Una caja china no es más que un distractor, esos que se construyen para contrarrestar un escándalo mediático. Es el tema de este filme: la manipulación de la televisión y sus vínculos con el poder político. Vale la pena verla y, al verla, vale la pena creer que lo que vemos es real, como en realidad lo es; que no se trata simplemente de la imaginación febril de unos libretistas talentosos. Que esté en tono de humor no le quita realidad. ¡Por el contrario!

La cinta debería llamarse “Cortinas de humo”. Cortinas en las que suele haber siempre dos partes: los que las crean y los que las creen. Nos quejamos de aquellos, pero somos nosotros los que caemos en la trampa. Y es irónico: el mexicano, idéntico al colombiano, es un pueblo que se las da del más vivo, del más avispado.
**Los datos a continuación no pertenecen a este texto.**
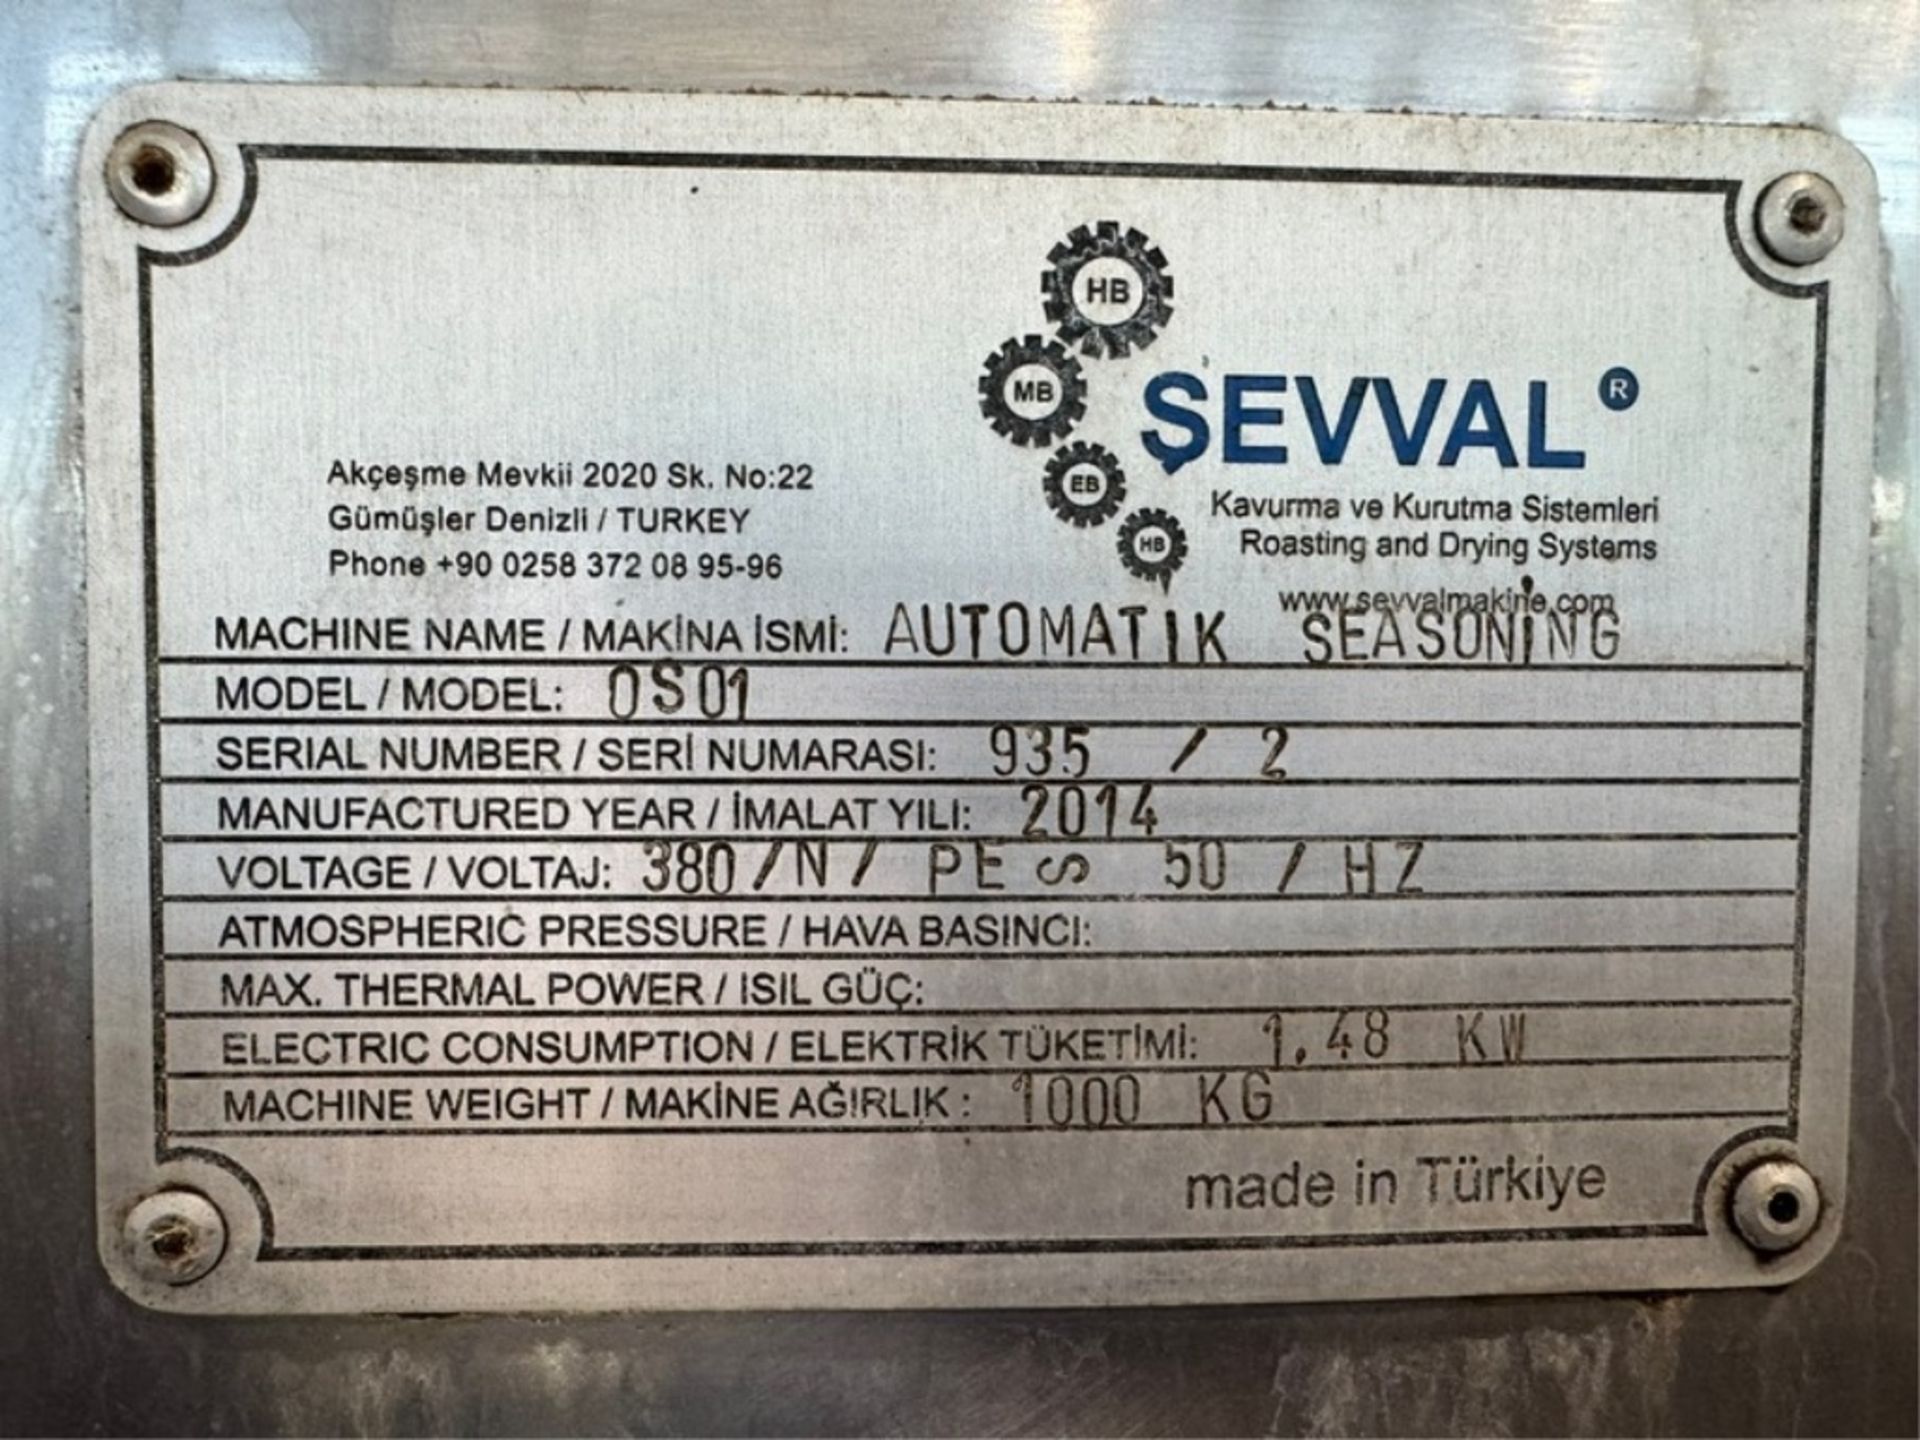 2014 SEVVAL Automatik Seasoning Tumbler, M/N 0S01, S/N 935/2, 380 Volts, with S/S Shaker Deck - Image 11 of 14
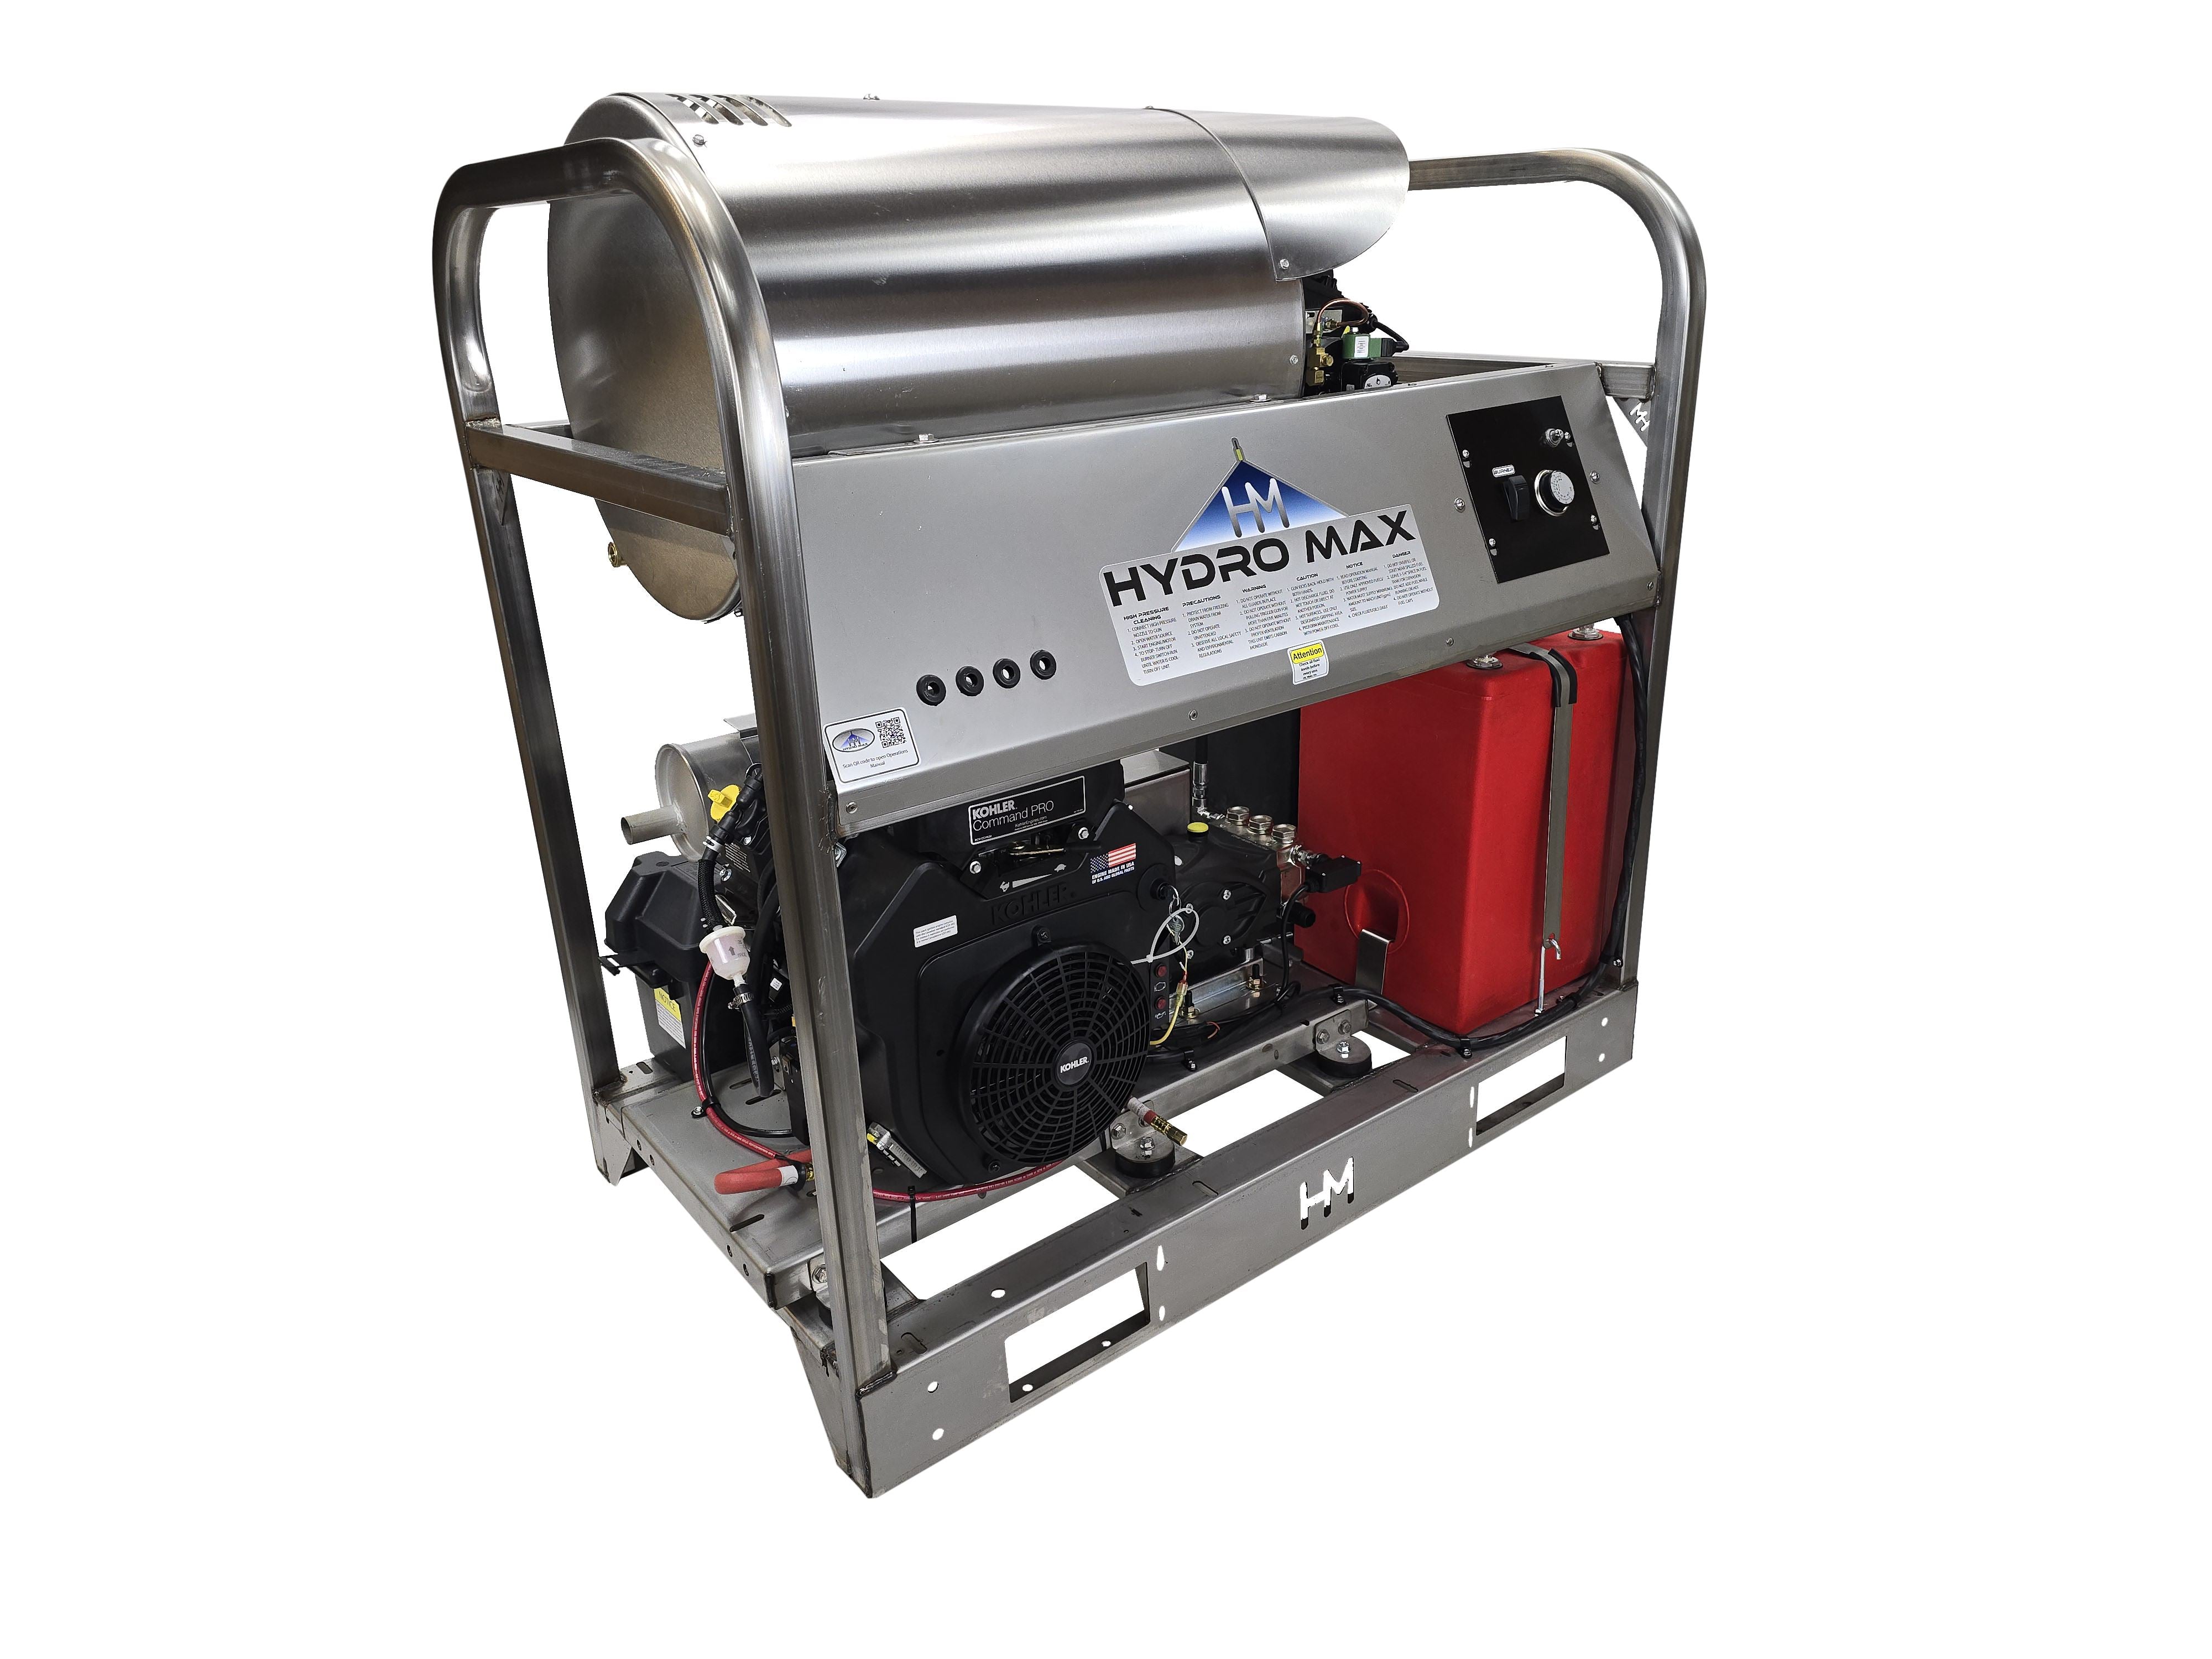 Hydro Max DC8040KGi- 8gpm @ 4000psi, Kohler 26.5HP(Fuel Injected Engine) Hot Water Pressure Washer Hydro Max

Malicia indígena, le llaman para justificar la mirada hostil pero de soslayo. Pero en realidad somos tan “avispados” que la más mínima mentira la creemos solo porque proviene de las instancias de poder: a esa malicia que corre milenaria en nuestra sangre, le ganan el arribismo y la lambonería herencia de la Corte española.

Si la película sucediera en Colombia, el presidente montaría una estrategia mediática en la que pregunta, digamos como simple ejemplo, “Tengo a mi ministro de Hacienda en veremos.

¿Qué hago?”. A lo que su patrón le aconseja: “Invéntate una guerra con Venezuela”. Y así, en un mes solo hemos visto una mentira tras otra mentira tras otra mentira. Ahora también en el tema Saludcoop, Carrasquilla no termina de salir de un hueco para caer en otro. ¿Por qué Duque se empeña en desgastar su gobierno defendiéndolo? Por terquedad, casi por un capricho infantil. Como si no hubiera otro colombiano para ocupar ese cargo.

El gobierno gana en cuanto se atornilla, pero pierde por todo lo que tiene que entregar a cambio. Contrario a la frase de Maturana, “ganar es perder mucho”. $1,1 billones dicen que cuestan las armas que van a comprar “de ninguna manera con una motivación belicista”, dijo Duque. Si no se necesitan, ¿para qué se compran? ¿Por aparentar? ¿Por mostrar los dientes como hace Kim Jong-un en Corea? Qué derroche de dinero. Como si lo tuviéramos. Imaginen todo lo que serviría esa platica en educación, cultura, primera infancia y salud.